Data labeling was performed retrospectively by experienced clinicians who reviewed the electronic records to identify cases meeting the following criteria:
Clinical manifestations: Clinical signs prompting sepsis screening included respiratory distress (e.g. tachypnea, nasal flaring), lethargy, fever (≥38°C), hypotension, and feeding intolerance. These signs were recorded by attending neonatologists during routine clinical assessments. Laboratory findings: Data on maternal and neonatal CRP, PCT, and other inflammatory markers were extracted from HIS laboratory modules. Thresholds for CRP (≥10 mg/L) and PCT (≥0.5 ng/mL) were applied based on neonatal diagnostic guidelines. Microbiological results: Blood and CSF culture results recorded in the HIS were used to confirm EOS cases.
Data preprocessing
During the model construction process, data cleaning and noise reduction were first performed. The proportion of missing values was calculated for each feature, and features with more than 30% missing data were excluded. For features with less than 30% missing data, mean imputation was used. Next, data standardization was conducted using the StandardScaler method, which calculated the mean and standard deviation of the training data and applied these parameters to both the training and testing datasets to ensure consistent feature scaling. To address class imbalance, the SMOTE method was applied to the training data, generating new samples for the minority class to improve the model's ability to recognize EOS. Finally, the target variable was converted into a one-dimensional array to ensure compatibility with the model training functions.
Feature selection
Feature selection was conducted using Lasso regression (Least Absolute Shrinkage and Selection Operator) in combination with cross-validation (LassoCV). The Lasso algorithm employs an L1 regularization term, which effectively mitigates overfitting by prioritizing the most relevant features while shrinking less important ones toward zero. LassoCV automatically adjusts the regularization parameter (\lambda) and uses cross-validation to assess model performance across different parameter settings, ensuring the model's generalizability and the stability of the selected features. To guarantee that the algorithm had ample opportunity to converge on the optimal solution, we set the maximum number of iterations to 10,000.
All ten ML models evaluated in this study—such as XGBoost (eXtreme Gradient Boosting), SVM, and Random Forest—were trained using the feature set selected by Lasso regression. This approach ensured that only the most informative predictors were included in the models, reducing dimensionality and enhancing performance while maintaining interpretability. By limiting the feature set, we minimized the risk of overfitting and improved computational efficiency during model training and evaluation.
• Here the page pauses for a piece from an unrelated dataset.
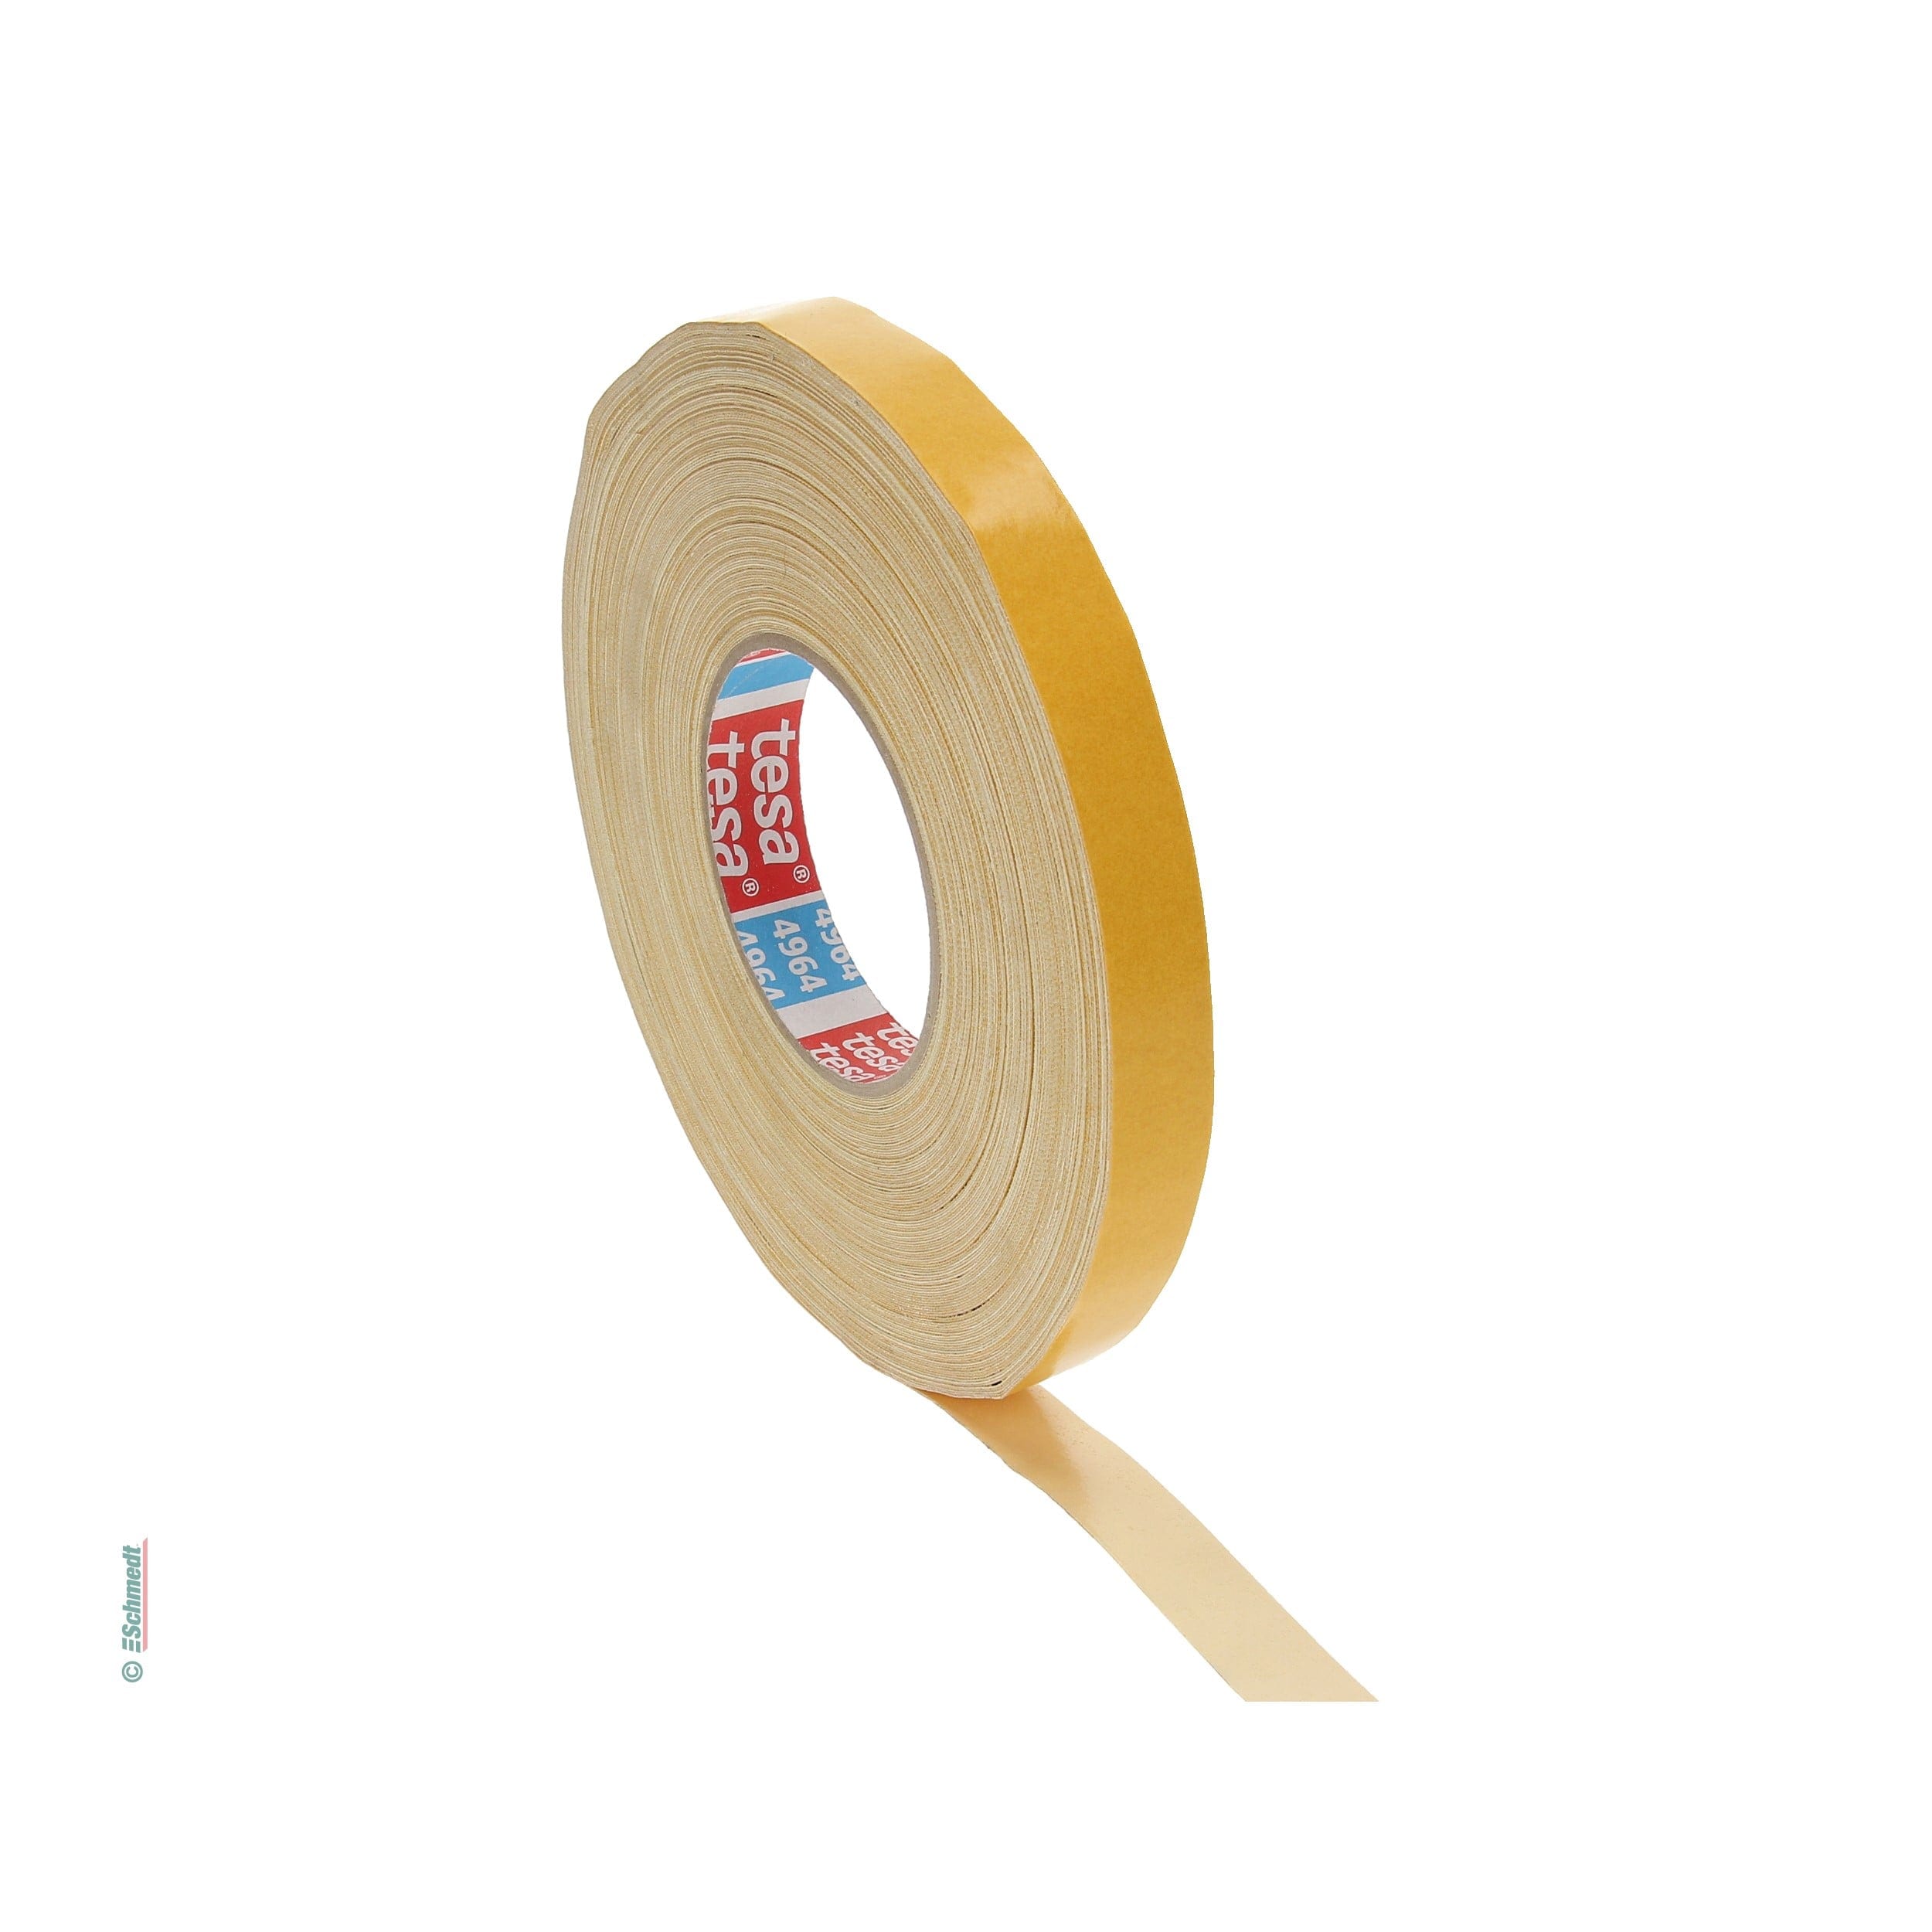 Adhesive tape  Adhesive products, fastening, packaging material

Our study included 1613 participants with 69 EOS events. The final predictive model was developed using a set of 36 predictors identified through LASSO regression. We acknowledge that the resulting events per variable (EPV) ratio is approximately 1.9, which is below the traditional guideline of 10 often recommended for conventional logistic regression models to avoid overfitting. However, it is recognized that this guideline is less critical for modern ML methods, particularly those that employ regularization techniques like LASSO. Regularization inherently penalizes model complexity and reduces the risk of overfitting, even with lower EPV ratios. The robustness of our findings is further supported by our rigorous internal validation strategy, which includes both 5-fold cross-validation and a 200-iteration bootstrap optimism-adjustment, confirming that the model's performance is reliable and not substantially over-estimated.
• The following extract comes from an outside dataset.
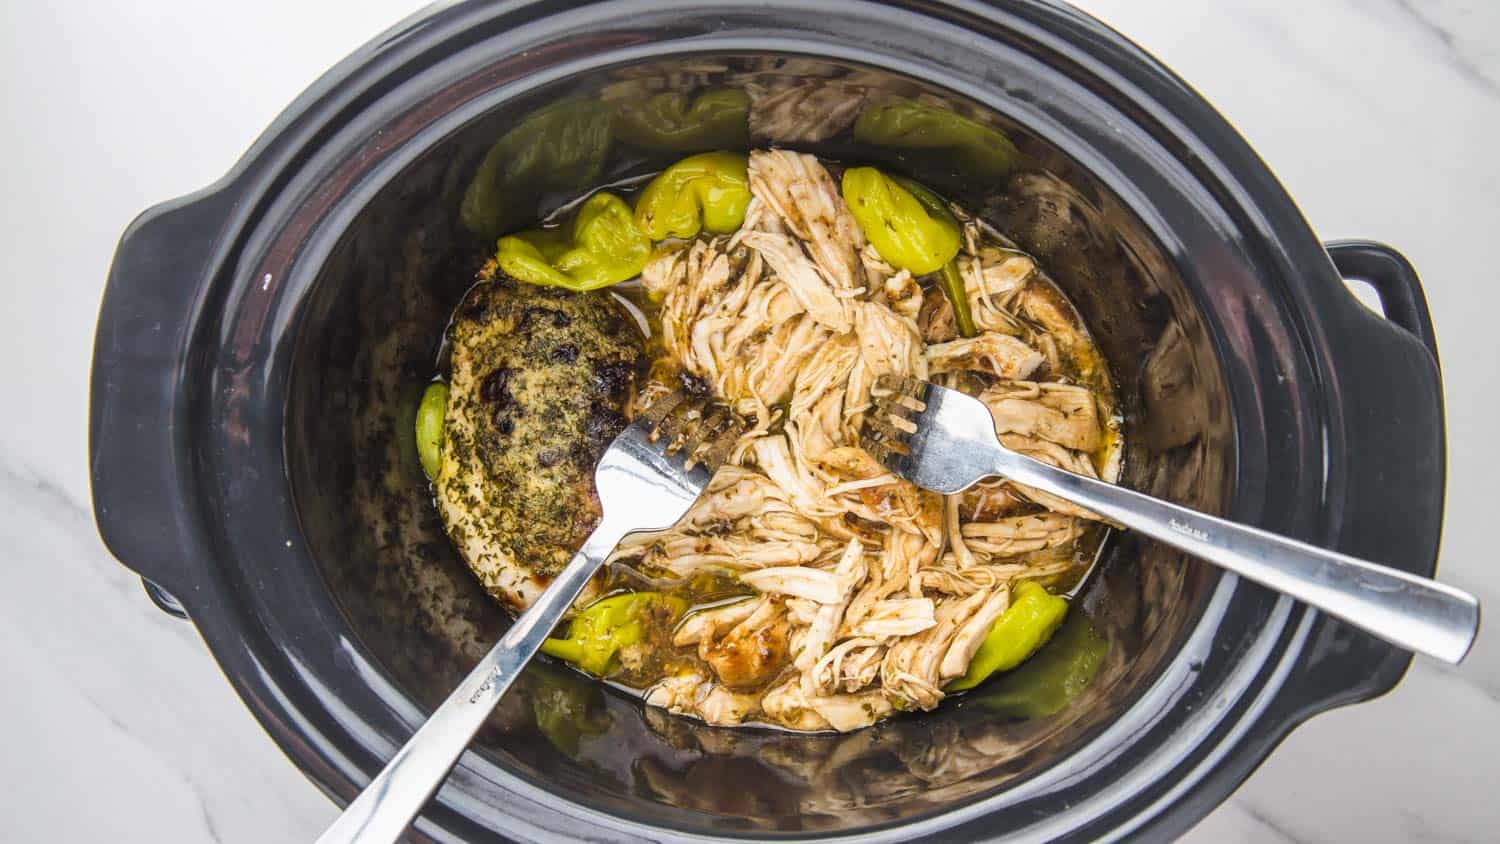 two forks being used to shred mississippi chicken in a crock pot insert

Machine learning model construction
In recent years, the application of ML in predicting neonatal sepsis has made significant progress. Masino et al. developed models using random forests and gradient boosting machines based on electronic health records from NICUs. Although these models demonstrated high predictive accuracy, they faced challenges such as potential overfitting and a lack of external validation. 12 Li et al. utilized LASSO and SVM-RFE to identify biomarkers from gene expression data, constructing robust predictive models. However, these methods typically require large sample sizes and complex preprocessing steps. 13 Mani et al. compared various ML methods, such as SVM, Naive Bayes, and decision trees. While these techniques have advantages in early diagnosis, they pose challenges in terms of model interpretability and computational resource demands. 14 Barghi assessed six ML algorithms, among which the Boosted Tree algorithm excelled in handling imbalanced data, but it required optimization to avoid overfitting and long training times. 15
In this study, we employed 10 different ML algorithms, including AdaBoost, Logistic Regression, KNN, SVM, Random Forest, Decision Tree, Gradient Boosting, LDA, Naive Bayes, and XGBoost, to compare and select the best predictive model. These algorithms were chosen based on their performance on various datasets and their adaptability to different problems. For instance, XGBoost stands out for its ability to handle high-dimensional data and prevent overfitting, while Random Forest and Gradient Boosting are known for their robustness and good generalization ability. AdaBoost and Logistic Regression were included for their simplicity, ease of use, and low computational cost. While advanced models like LSTM and ElasticNet have shown promise in neonatal sepsis studies, they were not included in this study for several reasons. LSTM, a deep learning model, requires large datasets and intensive computational resources, which may not align with our dataset's size and retrospective design. ElasticNet, although useful for feature selection, often necessitates extensive preprocessing and is less robust in imbalanced datasets compared to ensemble methods like XGBoost. Future studies incorporating larger datasets may explore these models to evaluate their comparative performance. This approach ensures a balance between predictive performance and clinical applicability, enabling the identification of the most suitable model for EOS prediction in term neonates.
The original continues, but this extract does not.